Instead of making the above a Kits VS RTR, I thought wording it the above way might keep the thread from going south. My primary philosophy about any hobby is that a person do it for fun. So this is not about one way over the other, instead it is a simple query into which is preferred by those who participate here at Model Railroader’s Forums.
From my personal standpoint, being a modeler who has built models for almost 60 years and still love the activity, I want the rolling stock on my layout to be built from kits. I do have approximately 4 cars out of more than 125 cars that are RTR.
I’m wondering if the act of building models in Model Railroading has become blasé, obsolete, old hat, given the availability and dominance of RTR. If you still enjoy building models, I’d like to hear from you. If you like buying RTR cars you certainly can respond.
This is not an attempt to stir up resentment; or, people ire! It is only a query into the question I asked. Please, let’s try to be friendly about this! Like I said, my philosophy about the hobby is having fun, in whatever way this works for you.
Model builder here – I love (and, sometimes hate!) the challenges presented.
I’ve also got a lot of “train-set RTR” stuff that I also want to bring up to higher standards as well (body-mounted couplers, better grabs, etc.). They’ll likely “fall short” of the advanced kits like Blueprint Series / Tichy / Red Caboose … but still, they’ll look good.
RTR is nice and all, but (IMO) takes that part of the “fun” out of model railroading.
HOWEVER, for the guys who’s “Model Railroading” centers around operations or photo-realism or stuff like that, opening 10-15 boxes, and putting the cars in the yard might be “just the thing” that they need.
I certainly do, but there’s also lots of bashing and hacking going on, too.
On the other hand, as a narrowgauger I certainly appreciate how RTR had given me more time to build the kits I want to build. If you’re a Rio Grande NG modeler, you now have the option of using Blackstone RTR to supplement and grow your fleet of essential cars. You almost can’t get enough 3000-series boxcars. Between building them and buying RTR I have dozens. But building them does get a bit tedious and there are so many other kits I can – even need to – build instead that it makes buying RTR sensible.
Then there are the drop-bottom gons. The kits for these are especially challenging, yet when coal was king you need lots of these, along with the standard gons which also carried coal in the days when hand labor to unload them was cheap. Here, I am especially grateful for RTR, as the the kit build needed to produce one is particularly lengthy and involved. There’s a new batch of the 800-series DB gons just hitting the stores in case anyone’s interested. For me, these will be enough to round out my fleet.

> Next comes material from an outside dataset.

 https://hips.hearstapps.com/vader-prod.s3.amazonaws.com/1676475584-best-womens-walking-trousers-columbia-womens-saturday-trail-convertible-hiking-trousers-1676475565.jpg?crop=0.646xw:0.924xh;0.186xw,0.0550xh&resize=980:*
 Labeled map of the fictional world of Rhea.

I’d like to have another half-dozen boxcars in the future to go along with the last of my 3000-series kits, but after that I can be even more selective about what I need to build. I’ll have enough cars to meet the traffic needs of the layout during ops sessions. If I had to build 'em all, meeting that quota would still be 20+ years away. I’d rather be operating during much of that time as the eyes get weaker and the hands shakier. RTR has given me that time and one of the primary things I intend to do with it is build kits in a more leisurely manner.

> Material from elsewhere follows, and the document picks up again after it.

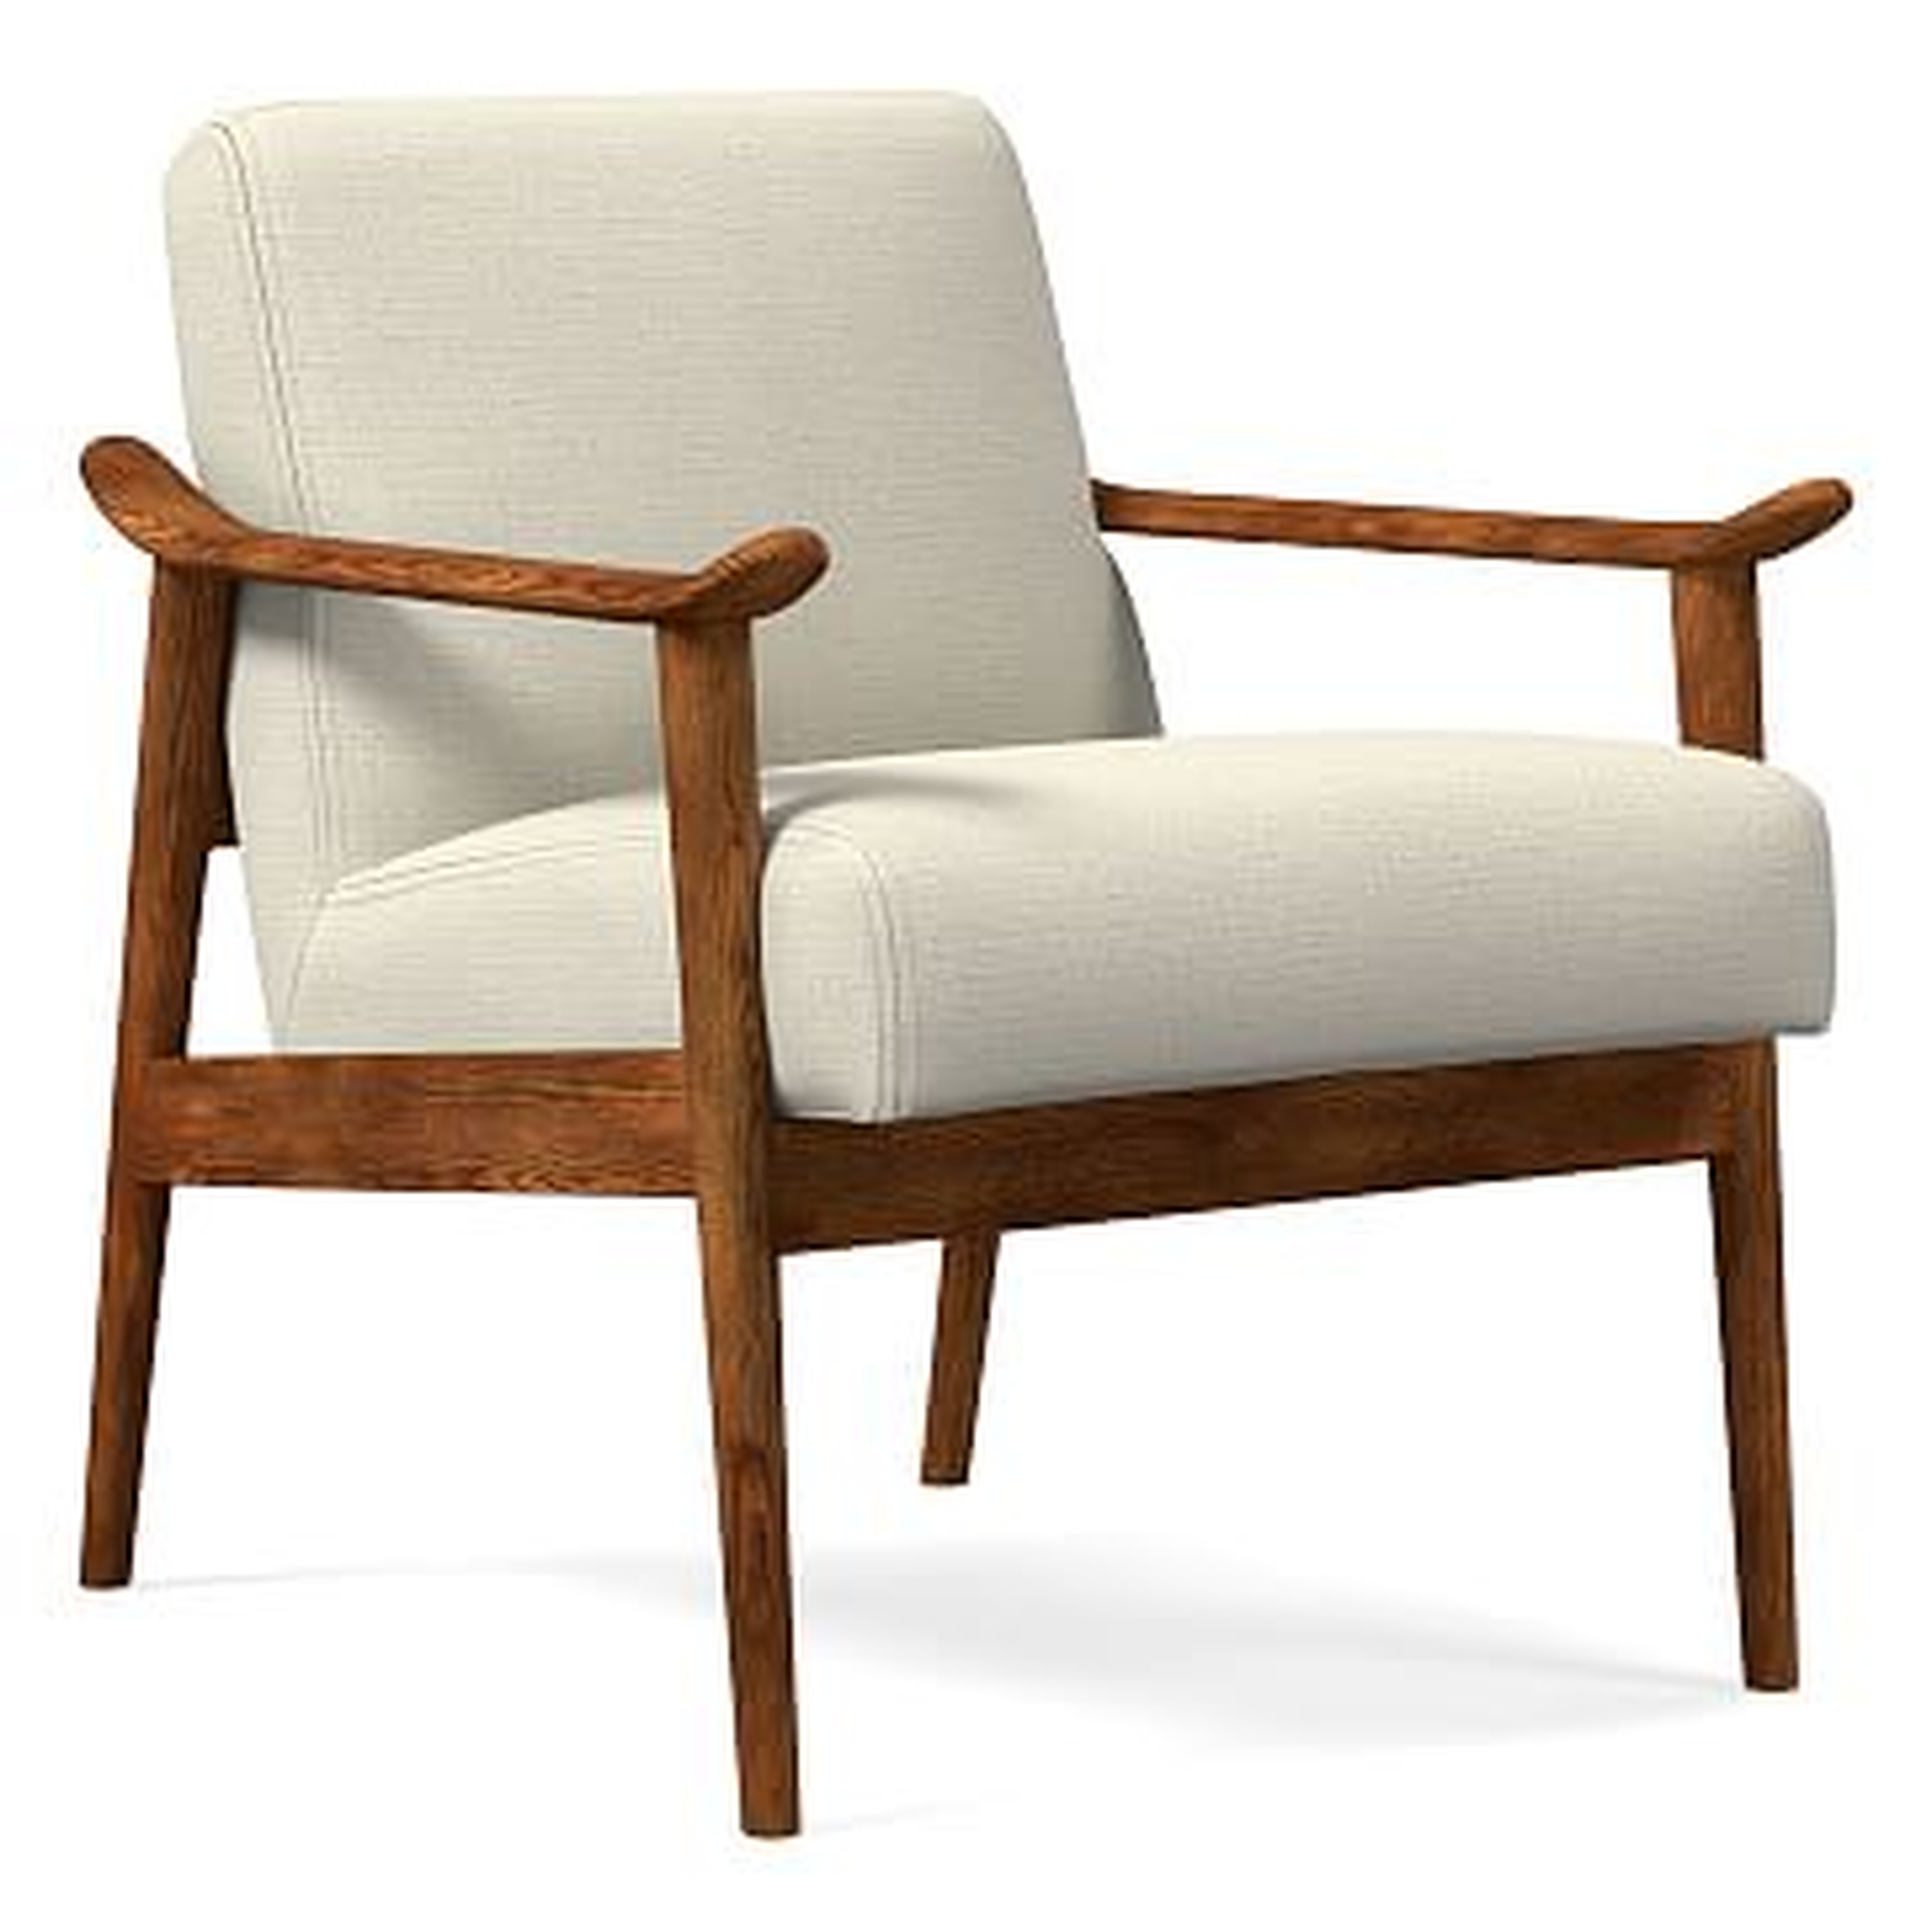 Mid-Century Show Wood Upholstered Chair, Chunky Basketweave, Clay, Set of 2 - West Elm

That to me is the real benefit of RTR. Buying RTR frees up time to build kits of stuff that
I prefer kits to ready to run, but I also prefer undecorated kits and these are getting scarcer than hen’ teeth anymore. A big plus to Intermountain, Exactrail and Atlas for continueing to bring in undecorated kits with each new shipment of cars for the most part. And a Big BOO! to Athearn and Walthers for their avoidance of undecorated kits.
I do buy RTR cars for cars that are unvailable as kits or there is no decal set for the car I want to do. The loss of Champ, Greg Komar, Jerry Glow and Oddballs decals in the last few months have dealt a great blow to those that want to paint and decal their own cars and locomotives!
I used to buy kits or RTR by someone else but once the RTR from the manufacturer started having better detail than what I could do (and I am far from unskilled). I started buying mostly RTR and now only RTR. When I want to kit build, I build a building, a place that is almost impossible to find quality RTR, even from other builders.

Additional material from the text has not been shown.